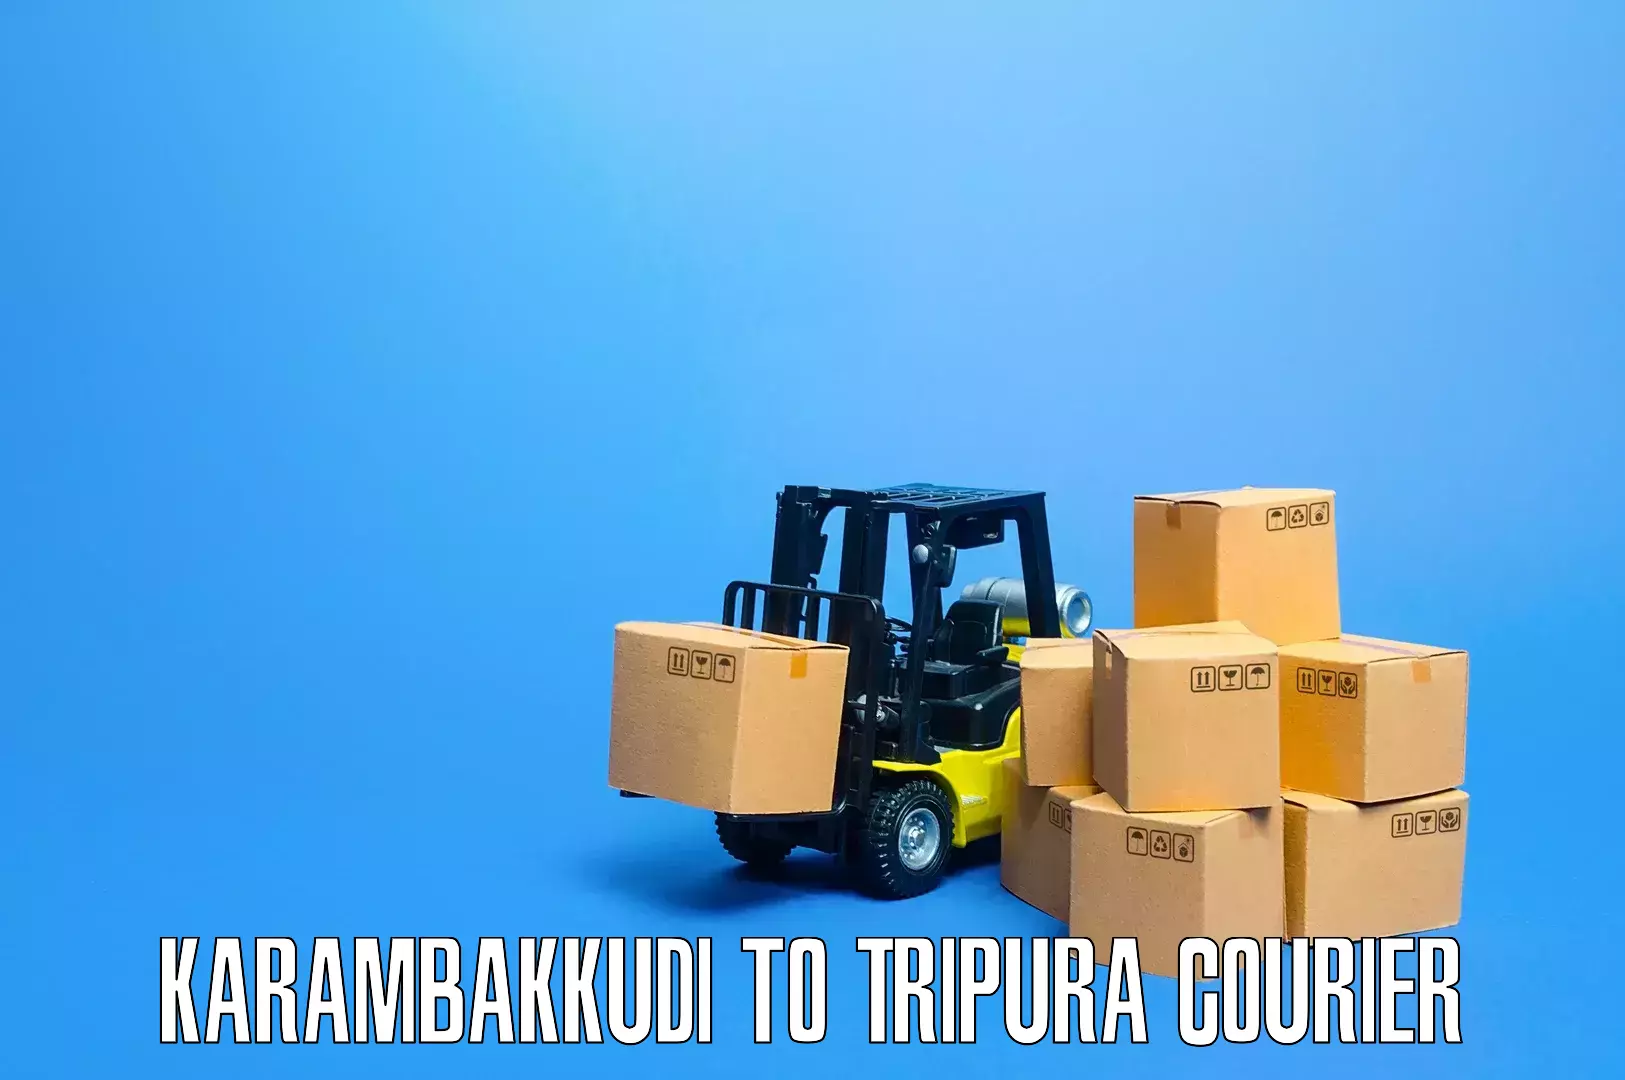 Comprehensive furniture moving in Karambakkudi to Aambasa
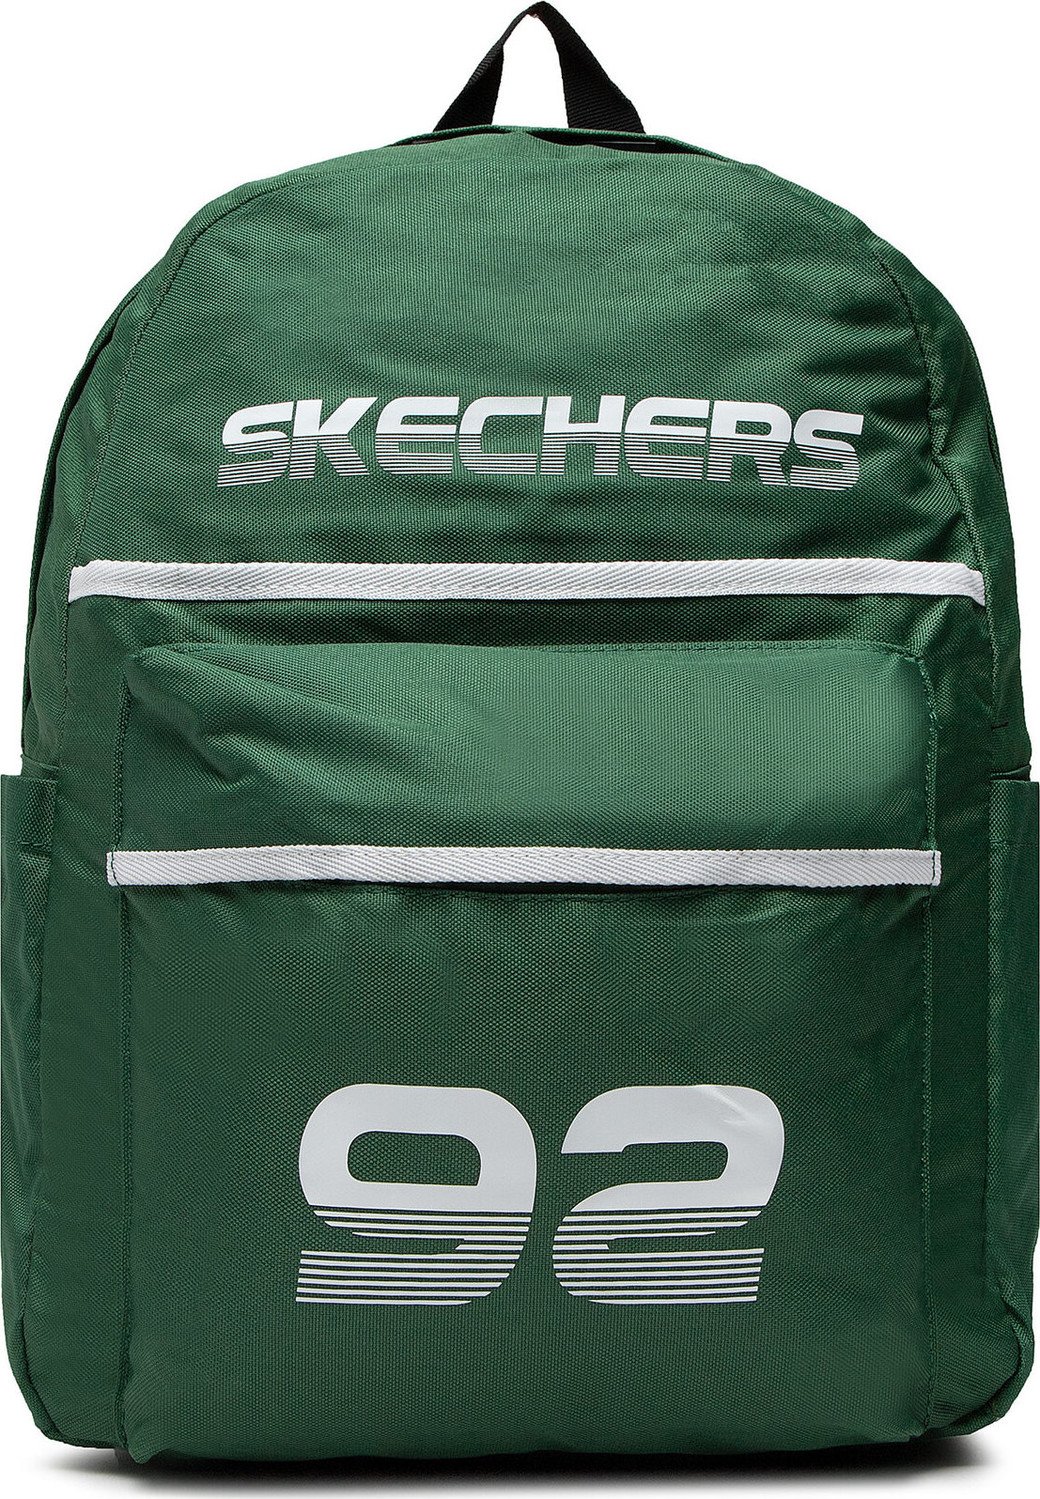 Batoh Skechers S979.18 Zelená
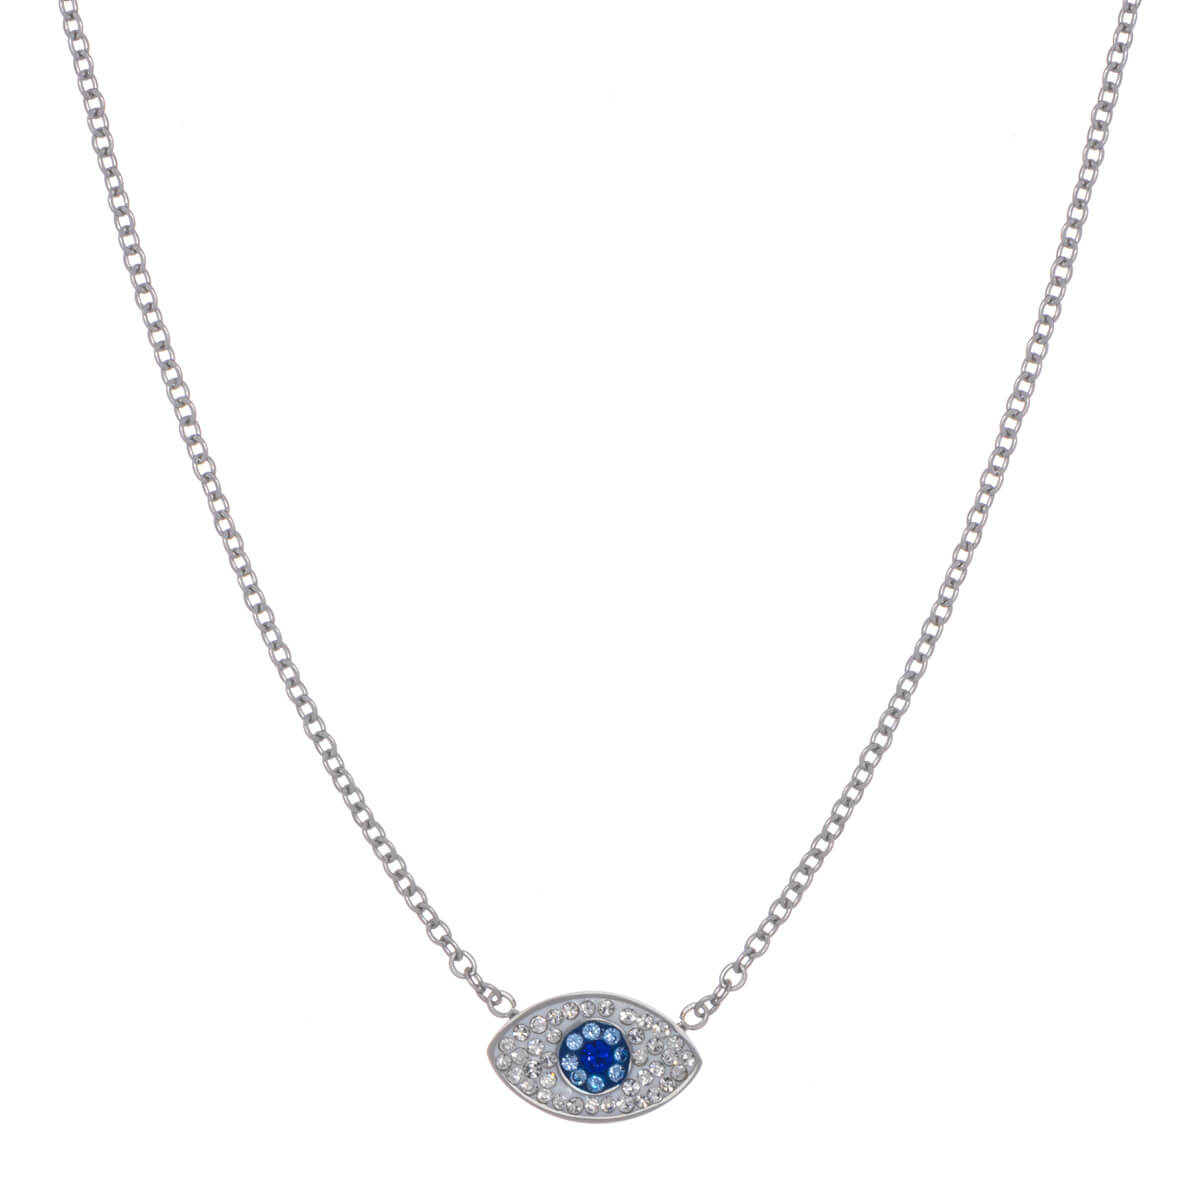 Sparkling evil eye pendant necklace 42cm (steel 316L)

▶ [Task requirements]: The entire listing above is to be copied exactly, with all pictures omitted.

▶ [Answer to the exercise]:
 Comprehensive furniture moving in Karambakkudi to Aambasa
 Batoh Skechers S979.18 Zelená
 Sparkling evil eye pendant necklace 42cm (steel 316L)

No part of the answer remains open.